Would adding sea salt in my tank affect my plants? I need brackish water and I have about 8 ppt salinity.


----------



## maknwar (Jul 16, 2007)

that will kill them. Lower concentrations will not hurt plants, such as adding it for treatment purposes but not brackish.


----------



## MiGsTeR (Jan 19, 2008)

Even if its the very light side of brackish? Its only 1.005 specific gravity


----------



## maknwar (Jul 16, 2007)

over 1.004, your not going to have good luck.


----------



## DiPpY eGgS (Mar 6, 2005)

I think maybe java ferns can grow, but not sure


----------



## CLUSTER ONE (Aug 2, 2006)

It probably sounds ironic but they would dehydrate in water with salt in it. Similar to driveway salt on grass.


----------



## MiGsTeR (Jan 19, 2008)

I was reading about brackish plants and some fresh water plants can strive in a 1.005 specific gravity. The good thing is 2 of my 3 plants might have a chance.











sean-820 said:


> It probably sounds ironic but they would dehydrate in water with salt in it. Similar to driveway salt on grass.

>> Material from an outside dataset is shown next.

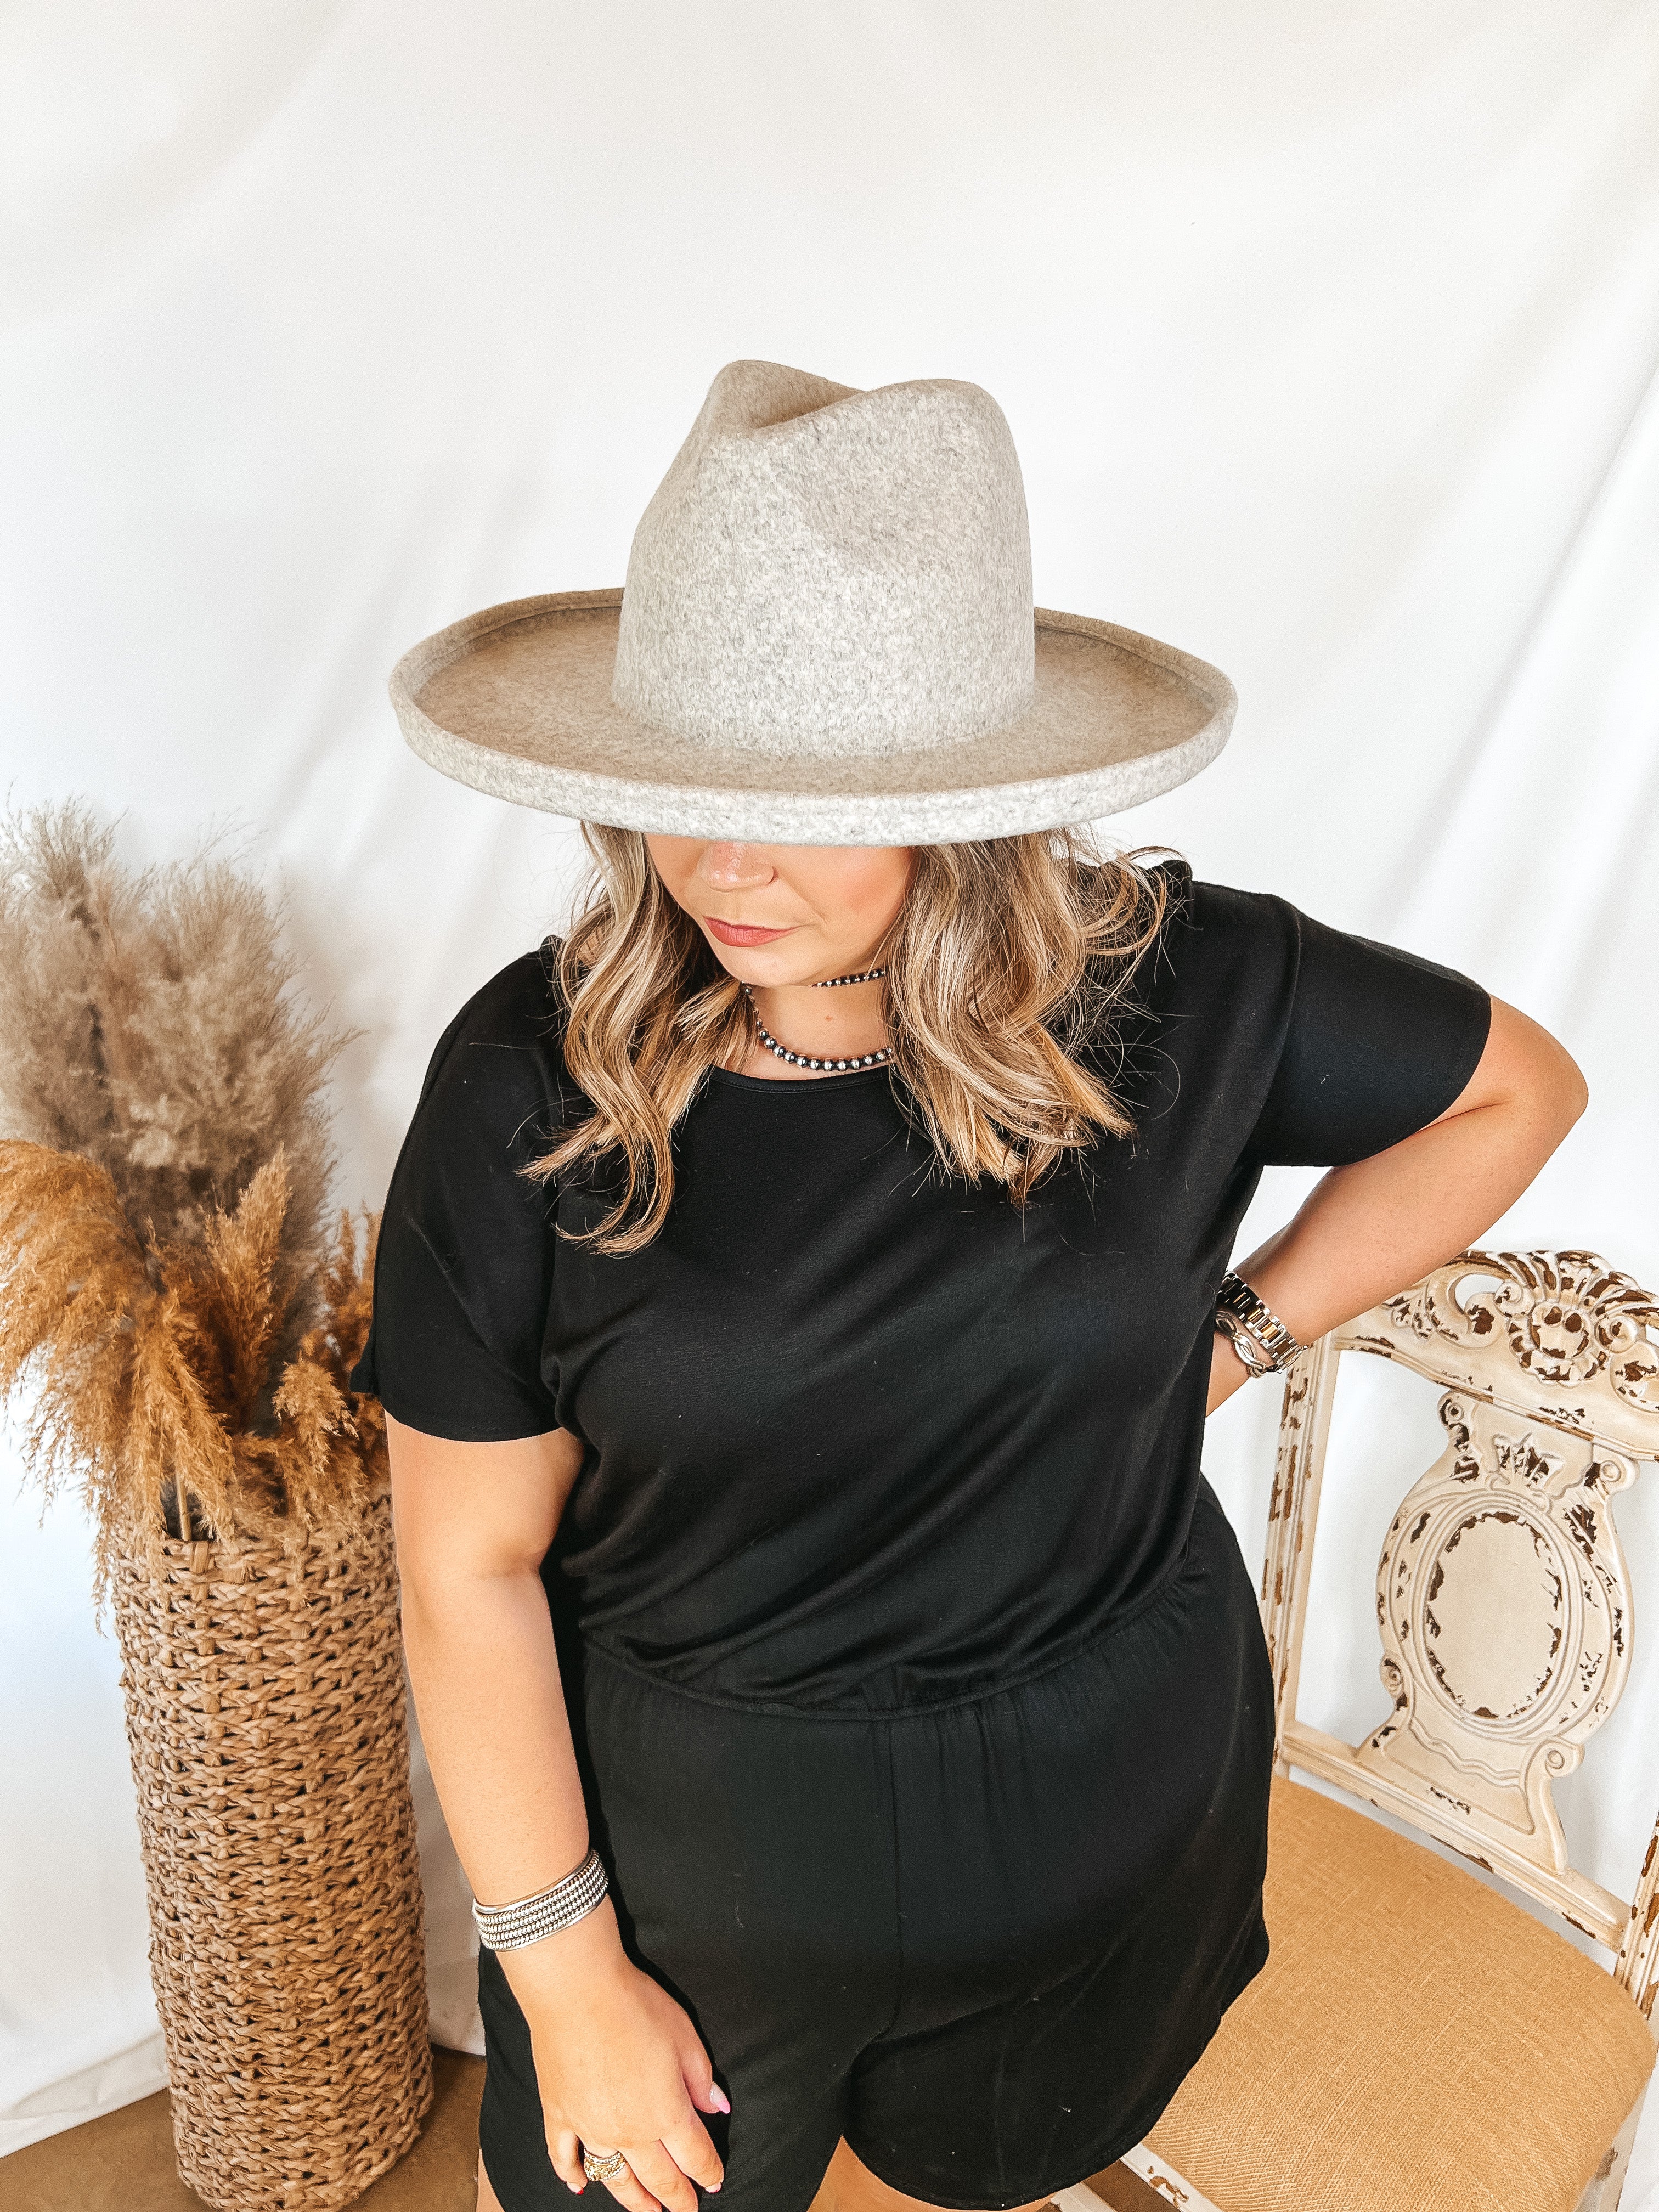 GiGi Pip | Cara Loren Pencil Brim Wool Felt Hat in Heather Grey - Giddy Up Glamour Boutique

I thought about the exact same thing. Lol


----------



## caribad (Jul 27, 2008)

Definately depends on the plant. Most aquatic plants sold will not do well (read turn brown and die) but some plants that naturally grow in coastal areas and salt marshes would love it. Most of those plants are not what most consider atractive, but beauty is in the eye of the beholder. Mangroves will grow in full strentgh saltwater, but they only grow as emergent plants-and get big!


----------



## maknwar (Jul 16, 2007)

Found this...

http://www.plantgeek.net/plantguide_list.php?category=8 These plants are under the brackish adaptable category.


----------